Troubleshooting Failed Jobs

Steps for troubleshooting incomplete jobs running on your cluster.

Describes how to locate and troubleshoot jobs that have failed to complete.

The following procedure uses examples from a Spark engine to explain how to further investigate and troubleshoot the root cause of an uncompleted job

  1. Verify that you are logged in to the Workload XM web UI.
    1. In the URL field of a supported web browser, enter the Workload XM URL that you were given by your system administrator and press Enter.
    2. When the Workload XM Log in page opens, enter your Workload XM user name and password access credentials.
    3. Click Log in.
  2. In the Clusters page do one of the following:
    • In the Search field, enter the name of the cluster whose workloads you want to analyze.
    • From the Cluster Name column, locate and click on the name of the cluster whose workloads you want to analyze.
  3. From the time-range list in the Cluster Summary page, select a time period that meets your requirements.
  4. In the Usage Analysis chart widget, notice which engine's are displaying Failed jobs and then from the Trend widget, select the tab of an engine whose failed jobs you wish to analyze and then click its Total Jobs value.
    The engine's Jobs page opens.
  5. From the Health Check list, select Failed to Finish, which filters the list to display a list of jobs that did not complete.
  6. To view more details about why a job failed to complete, from the Job column select a job's name. The job's page opens displaying information about the job you selected and where the failure happened.

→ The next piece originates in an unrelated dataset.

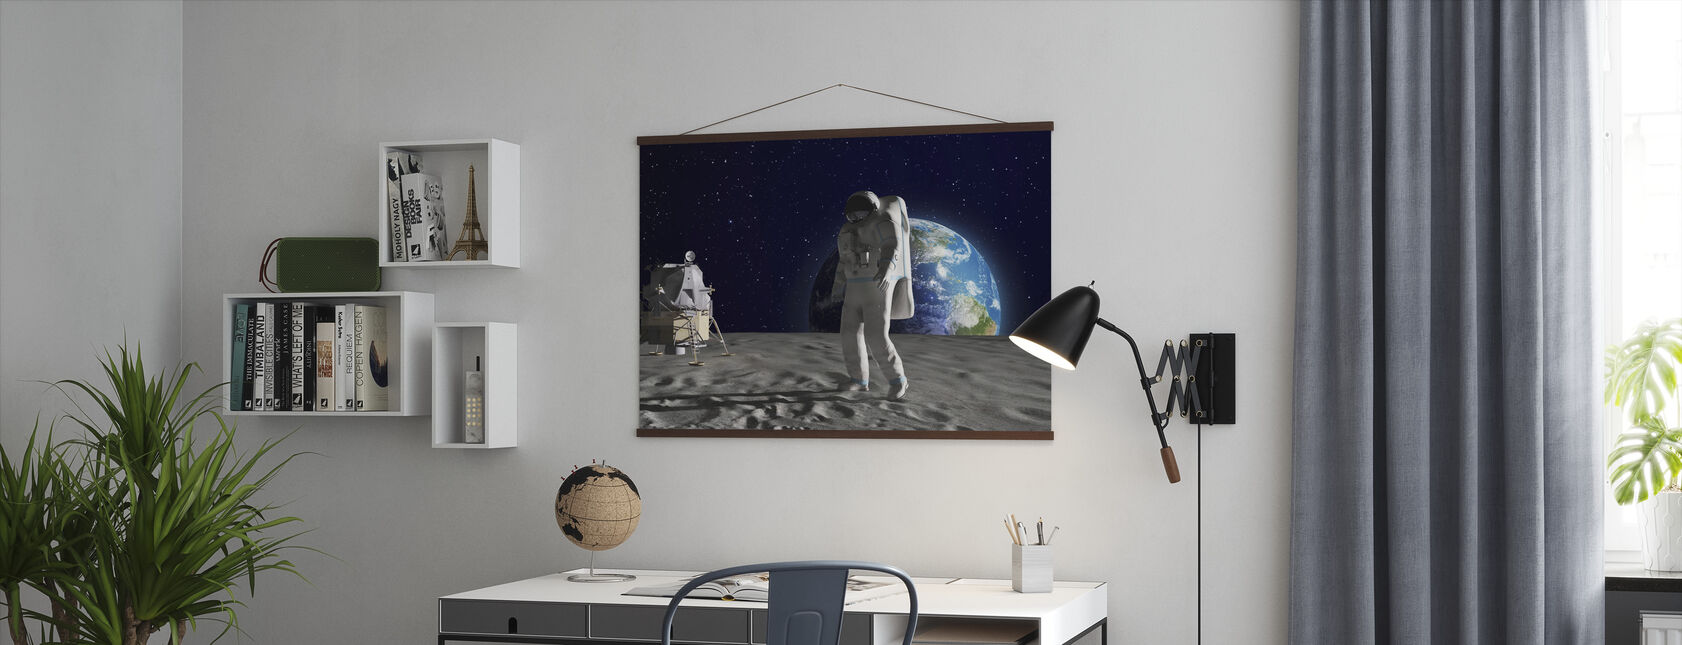 Astronaut on the Moon - Poster - Office

  7. From the Failures section, in the Diagnostic Information column, click More.
    The Diagnostic Information dialog box opens, which describes more details about why the job aborted. In the following example's case, the job was aborted whilst writing rows due to an out of bounds java exception:

  8. Click Close, to close the dialog box.
  9. To display more information about the stage where the job failed, in this case the Stage-2 process, in the Failing from column, click the stage's link. Or select the Execution Details tab and then click the failed stage's link.
    In the following example's Summary panel, it shows that Task 0 was attempted 4 times:

  10. To display more information about all the failed attempts, in the Summary panel, click the Failed task value.
    In the following example, the job aborted when Task 0 was writing rows. To understand more about what triggered the SparkException error message and to further troubleshoot the root cause, you can open the associated log file by clicking Full error log.